THE PROBLEM
Every picture should be left out, but the lines below must be repeated exactly.
PROVIDED DATA below:
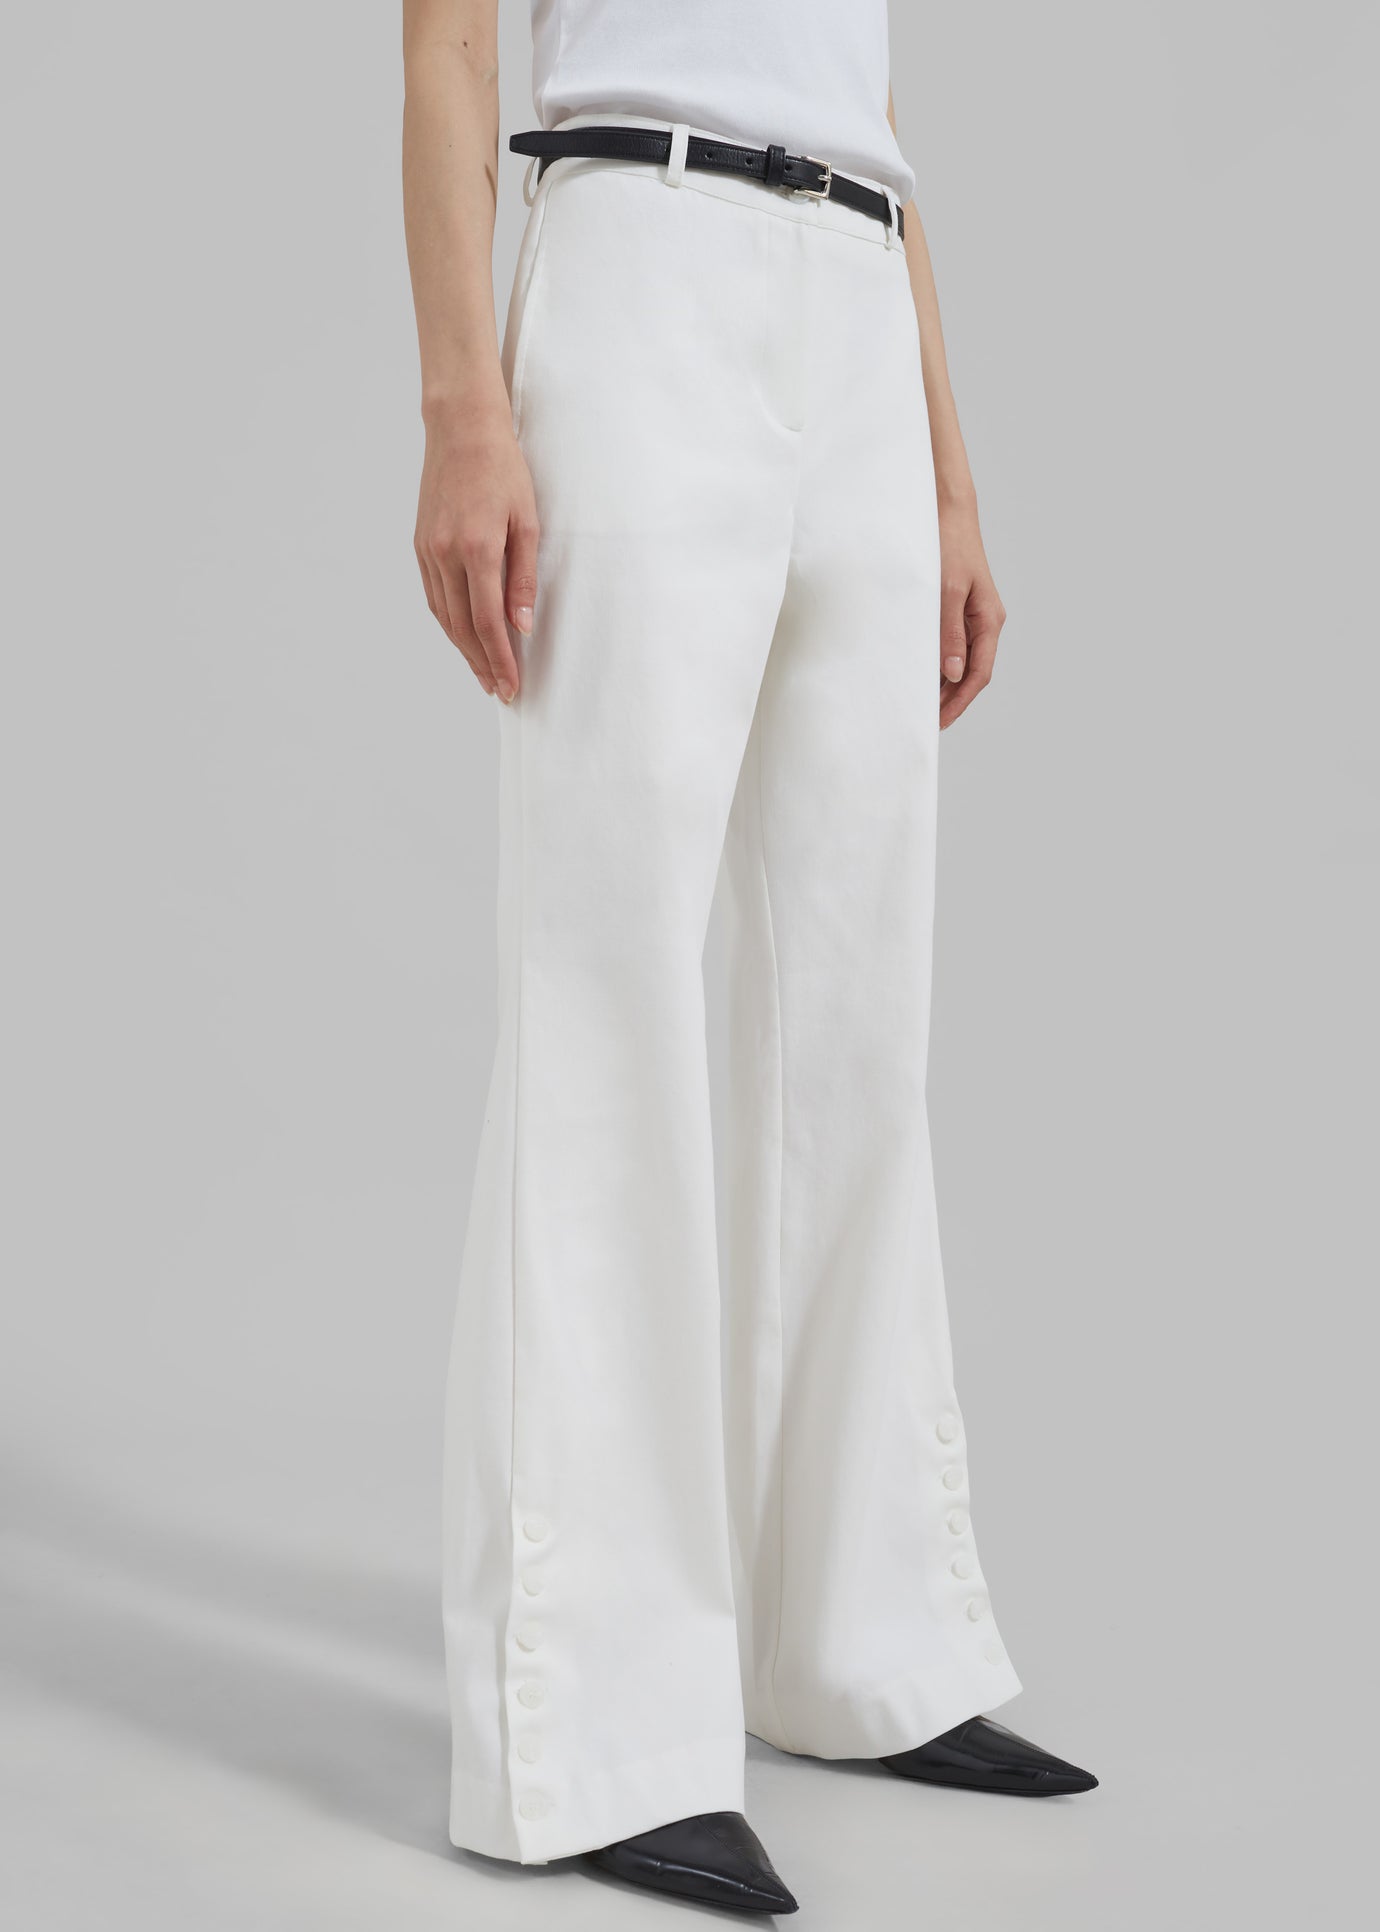 Michelle Flare Pants - Ivory - 1
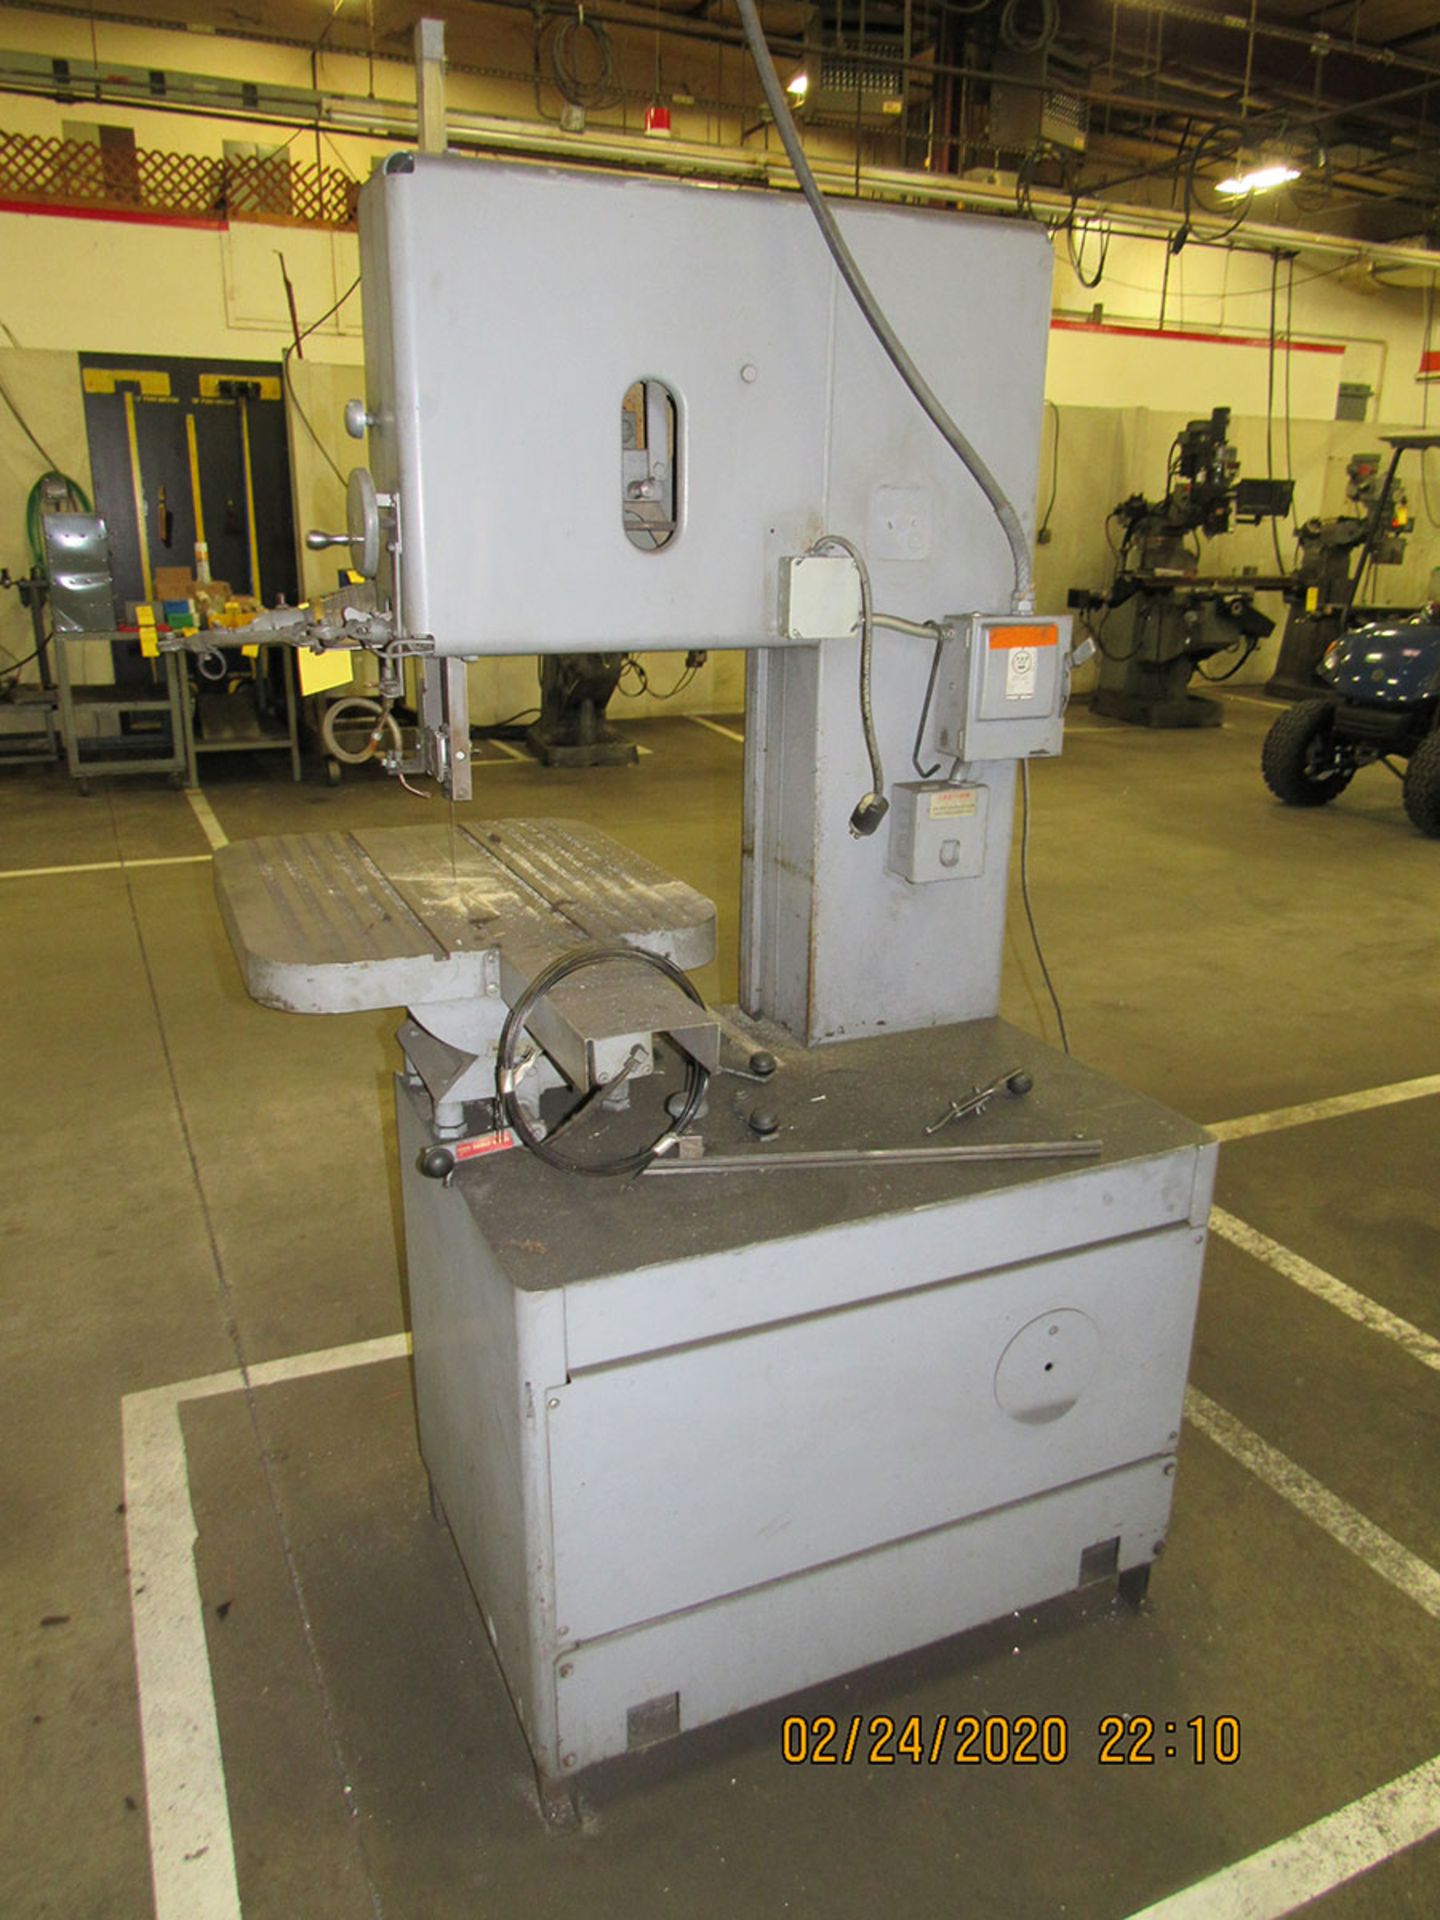 SATTERLEE CO. 18'' VERTICAL BAND SAW; TYPE 4V-18, S/N 1310, YEAR 1972 - Image 2 of 2
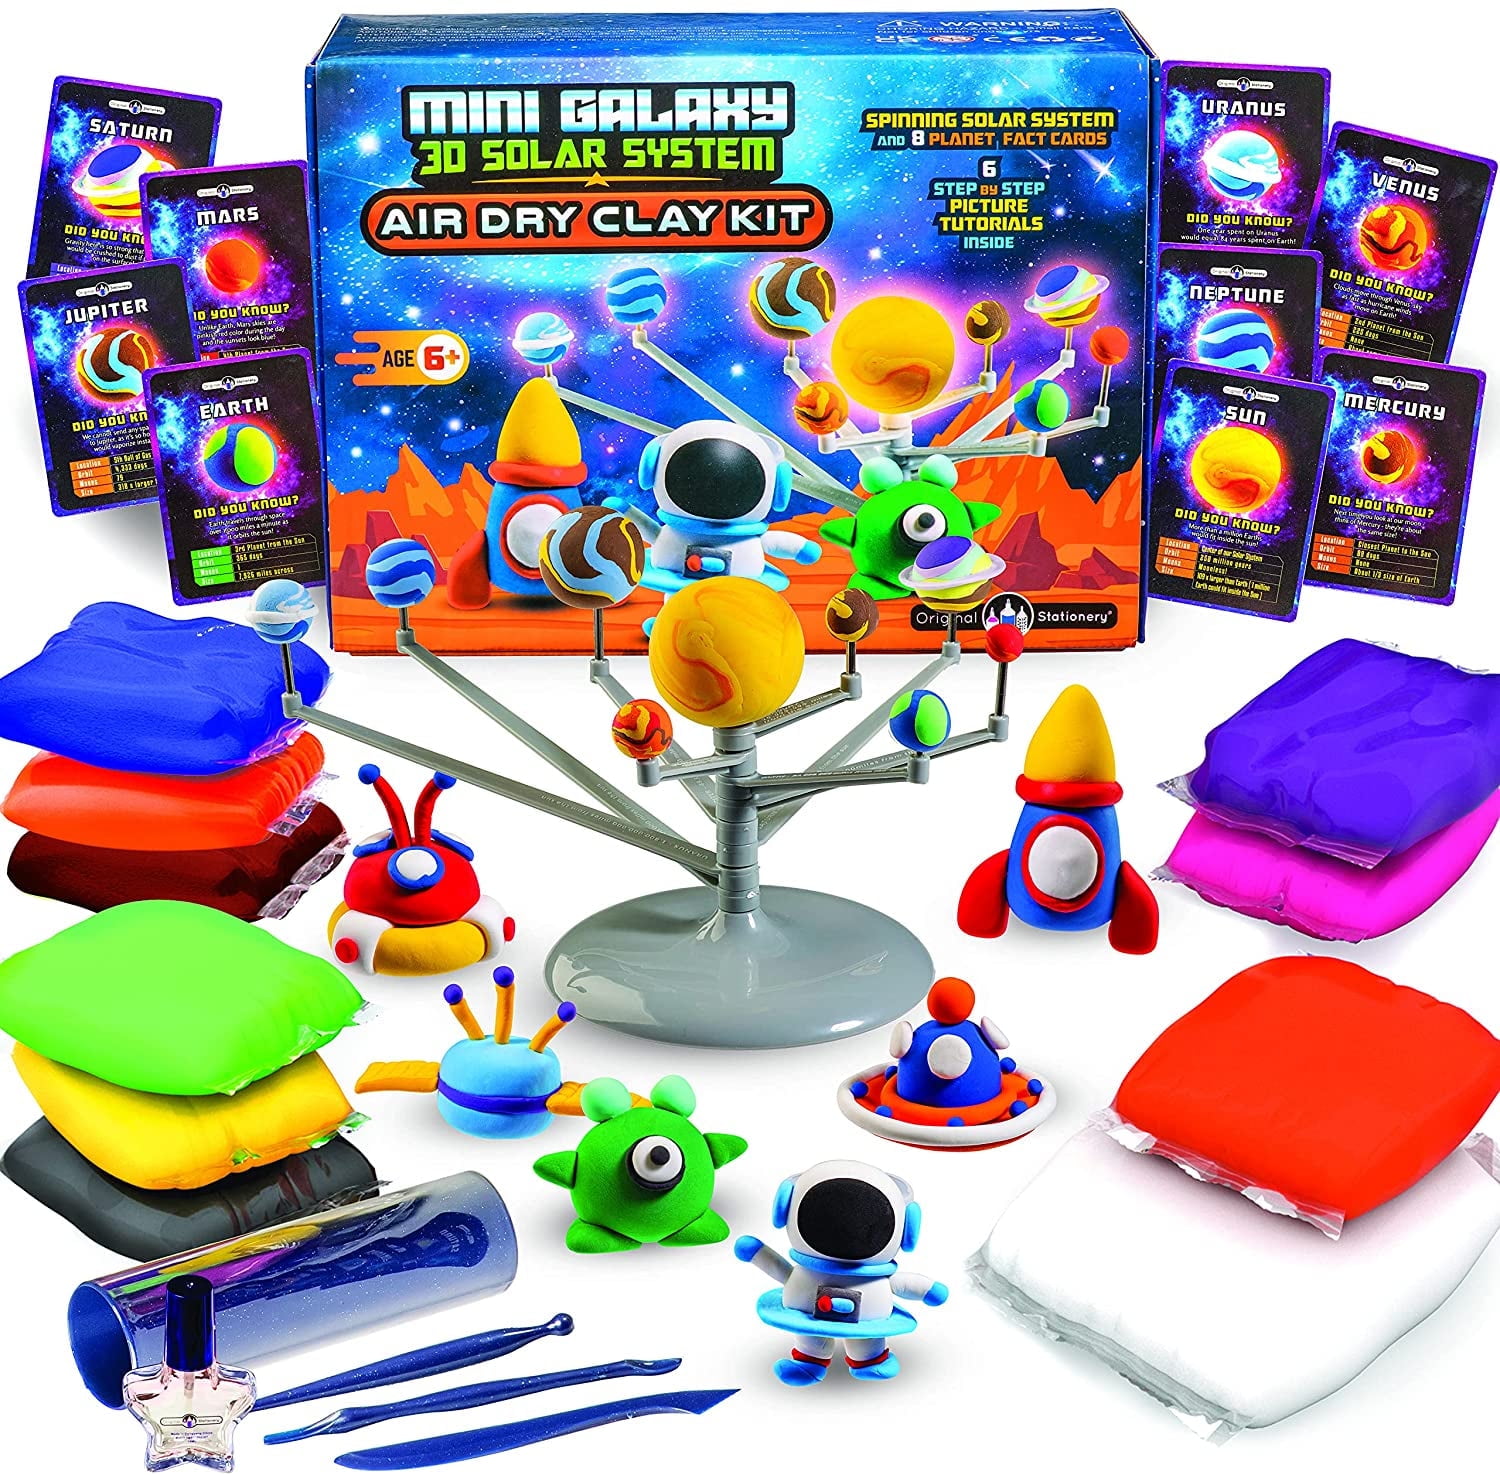 Original Stationery Mini Galaxy 3D Solar System Air Dry Clay Kit with All The Clay Colors You Need, 8 Fact Cards, Tools and More in This Kit to Make
End of PROVIDED DATA.
SOLUTION FOR THIS EXERCISE
 Michelle Flare Pants - Ivory - 1
 SATTERLEE CO. 18'' VERTICAL BAND SAW; TYPE 4V-18, S/N 1310, YEAR 1972 - Image 2 of 2
 Original Stationery Mini Galaxy 3D Solar System Air Dry Clay Kit with All The Clay Colors You Need, 8 Fact Cards, Tools and More in This Kit to Make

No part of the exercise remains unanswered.